Los 12 castigos | ¿Gloria y loor? Sarmiento, el criminólogo
¿Por qué desempolvar del baúl de los recuerdos lo que doce criminólogxs propusieron para tratar el delito? Algunxs nos ayudan a pensar problemas actuales vinculados al crimen y su control, a repensar soluciones y alternativas a la violencia estatal como respuesta a la violencia social. Otrxs nos enseñan todo lo que no debemos hacer. En esta entrega, una mirada crítica de la obra de Domingo Faustino Sarmiento y su propuesta para el tratamiento de los salvajes de América.
La clasificación fundante del mundo se realizó en el siglo XVI y se basó en la cantidad de melanina que tenemos los humanos. Mientras menos concentración de este pigmento se tenga, más civilizada será la persona. Esto también comprende su violento reverso: a mayor concentración, piel más oscura y, por tanto, más alejado del ideal civilizatorio. A esta clasificación racial del mundo la inventaron y perfeccionaron aquellos que menos pigmentación tenían y, por lo tanto, se autoerigieron como integrantes de la cima de la pirámide civilizatoria. Y puede ser definida lisa y llanamente como racismo, pues el objetivo del proceso civilizatorio se transformó así en la eliminación de las culturas conformadas por no blancos y, cuando no, en la eliminación directa de los no blancos.
Durante el siglo XIX, se perfeccionó la teoría racial.
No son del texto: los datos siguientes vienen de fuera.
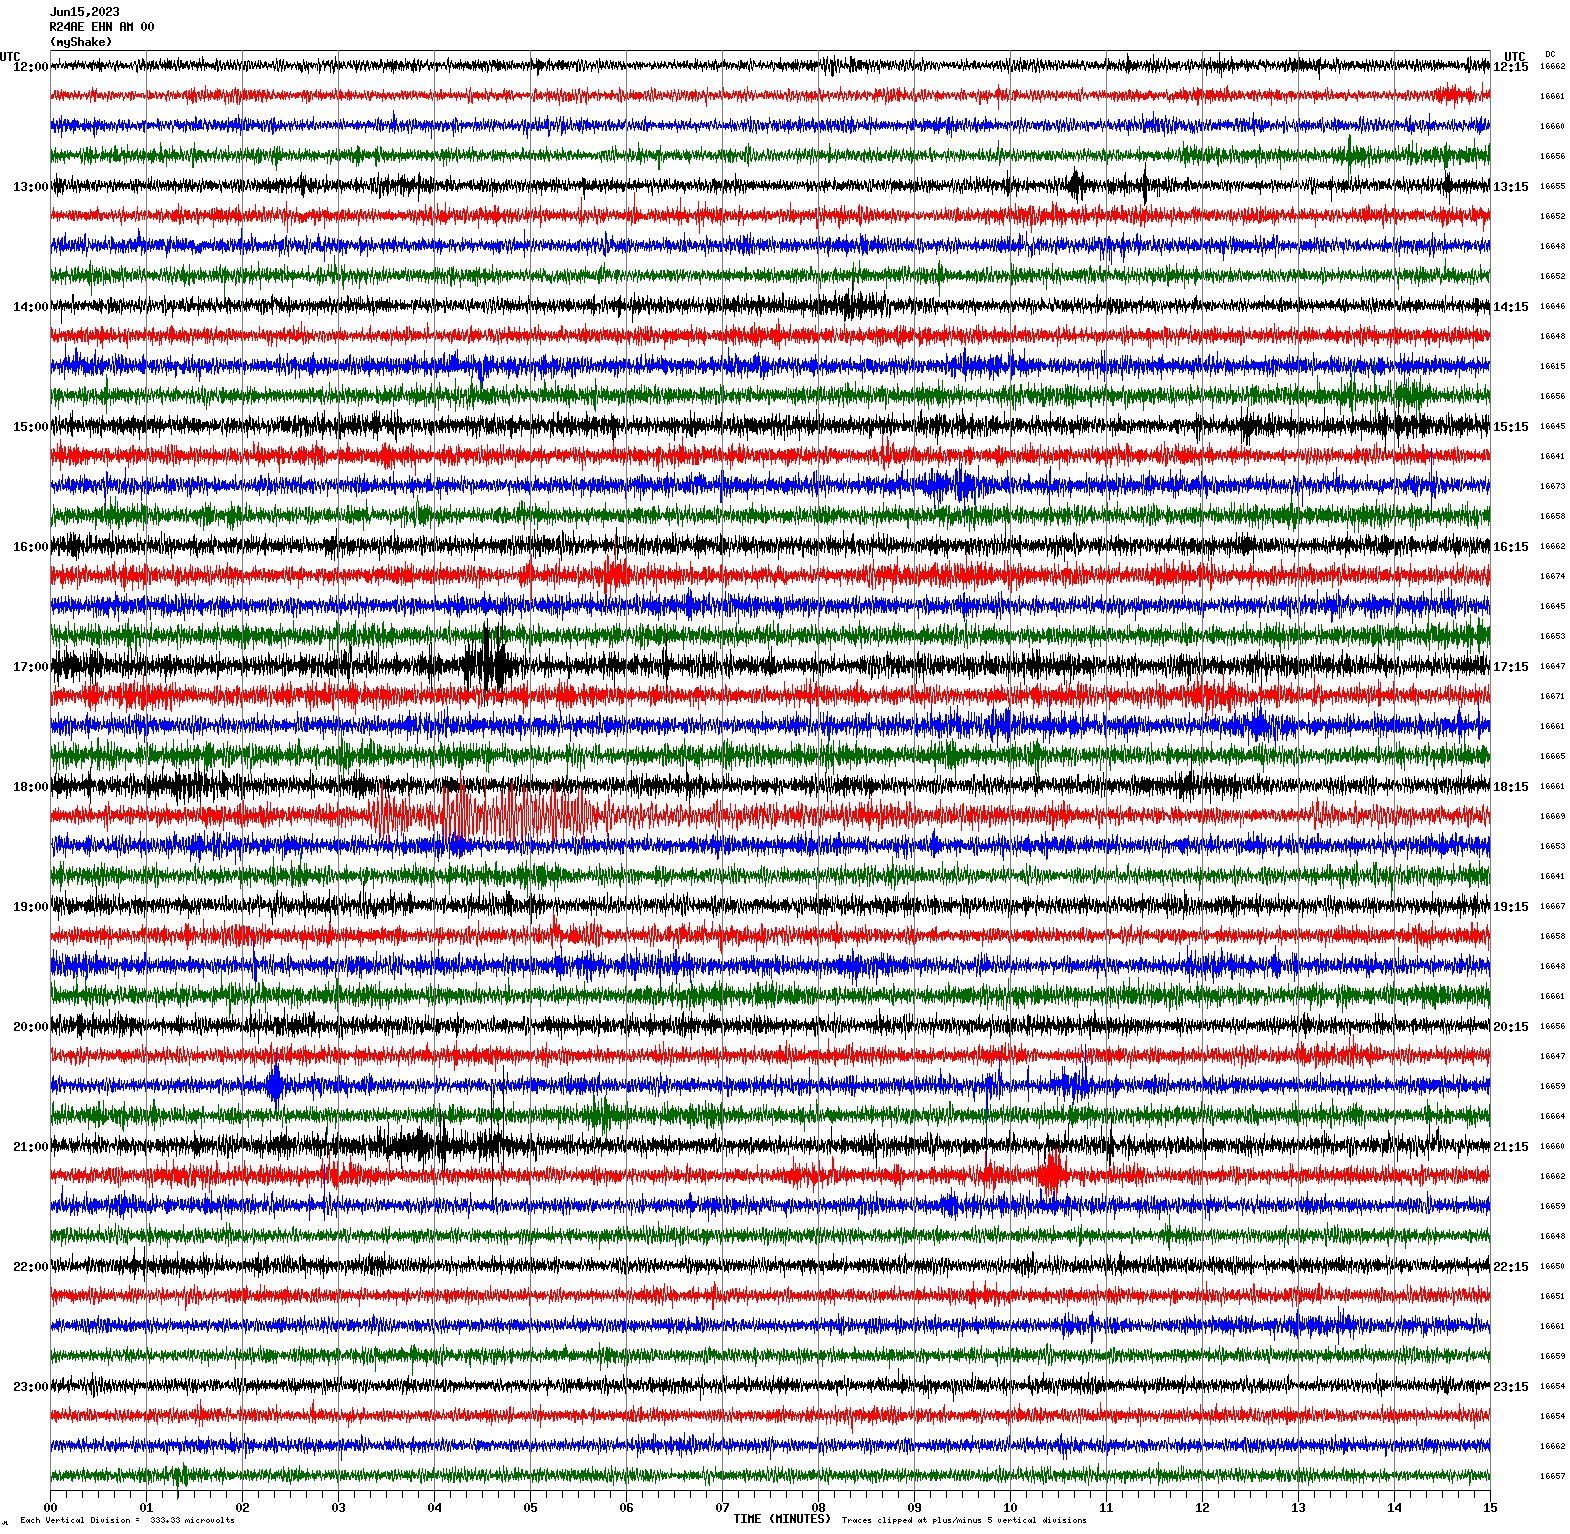 /seismic-data/R24AE/R24AE_EHN_AM_00.2023061512.gif

Entre 1853 y 1855, Joseph Arthur de Gobineau escribió los cuatro volúmenes de Ensayo sobre la desigualdad de las razas humanas, en la que escribe: «La raza blanca, inteligente, enérgica y llena de coraje (…) la débil, mediocre y materialista raza de los amarillos, y por último, la brutal, sensual y cobarde raza de los negros que no saldrá jamás del círculo intelectual más restringido».
En 1877, el relato de la pirámide civilizatoria es mejorado de la mano del antropólogo norteamericano Lewis Morgan, quien planteó que el mundo se encuentra dividido en tres estadios: los civilizados, compuesto por los pueblos europeos; los bárbaros, aquellos a quienes se debía civilizar; y en la base de legitimidad se encontraban los salvajes, término utilizado para comprender a todos los pueblos indígenas del mundo a quienes por entonces se los reconocía con la denominación genérica de «indios». Trobriandeses de Papúa Nueva Guinea, iroqueses de América del Norte o mapuches de la Patagonia argentina y chilena forman parte de esta denominación genérica de salvajes.
¿Qué hacer con los salvajes?
Lo primero que puede sorprender es incluir a Domingo Faustino Sarmiento en la lista de criminólogos. ¿Por qué? Sarmiento fue uno de los intelectuales más importantes de la segunda mitad del siglo XIX en todo el Cono Sur de América Latina, no solo por sus fabulosos libros escritos como Facundo, sino también porque sus ideas progresistas se transformaron en políticas públicas, tanto durante su presidencia (1868-1874) como antes y después, pero bajo su imprescindible influencia.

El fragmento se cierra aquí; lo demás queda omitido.